Ein hartes Stück Arbeit...
Ein ziemlich hartes Stück Arbeit…

Es ist bereits dunkel geworden, als wir in der Fahrerkabine unseres großen Lastwagens sitzen. Wieder einmal hatte alles viel länger gedauert als geplant. 2.000 Schultaschen lassen sich halt nicht so einfach in einen Lastwagen hieven. Insbesondere dann nicht, wenn diese in Bündel von acht mal zwanzig Schultaschen verpackt wurden. Eine schwere Angelegenheit.

Geholfen hat es auch nicht, dass der Lastwagen eigentlich als Viehtransporter gedacht gewesen war.
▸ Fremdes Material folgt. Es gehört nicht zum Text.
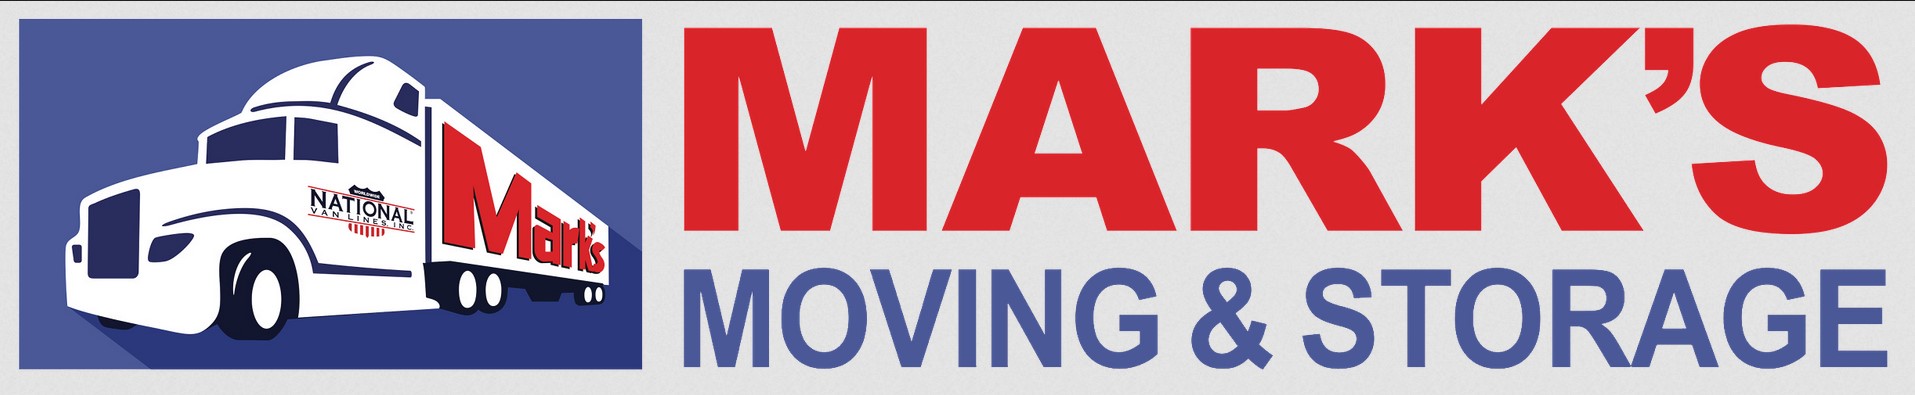 Marks Moving company logo

Im nun leeren Innenraum war Atmen nur bedingt möglich gewesen. Bei jedem Atemzug inhalierte man eine ganze Ziege.

Auf einer freien Fläche am Flussbett wird unser Lastwagen geparkt. Ich habe schon längst die Orientierung verloren. An einem schmalen Hauseingang bleiben wir stehen. Wir betreten die schmale Gasse. Rechts öffnet sich eine Tür zu einer belebten Gaststätte. Ich habe Hunger. Aber vorher muss erst noch gearbeitet werden. Etwas weiter geradeaus führt eine schmale und steile Treppe hinunter in einen Vorgarten. Wir werden durch den kleinen Quader geführt und betreten einen dunklen Gang. Strom gibt es hier nicht. Wir lassen uns hineinführen, stehen wieder an einem Vorgarten, gehen ein Stück weiter und sind plötzlich schon in der Fabrik, die unsere Schulhefte produziert. Grelles Licht leuchtet uns entgegen. Es riecht nach Papier. Riesen-Unordnung. Überall Papierstreifen und Papierfetzen.

Der Produzent zeigt in eine Ecke der Fabrik. Dort stehen 6.000 Hefte, ordentlich in 20 Pakete zu 300 Heften verpackt. Jedes Paket wiegt 45KG. Wir sind schockiert. Zu zweit schleppen wir mir letzter Kraft ein Paket durch die Fabrik, durch den kleinen Vorgarten, durch den dunklen Gang, durch den großen Vorgarten, die schmale steile Treppe hinauf, bis wir endlich völlig entkräftet das Paket vorm Hauseingang auf dem Boden fallen lassen.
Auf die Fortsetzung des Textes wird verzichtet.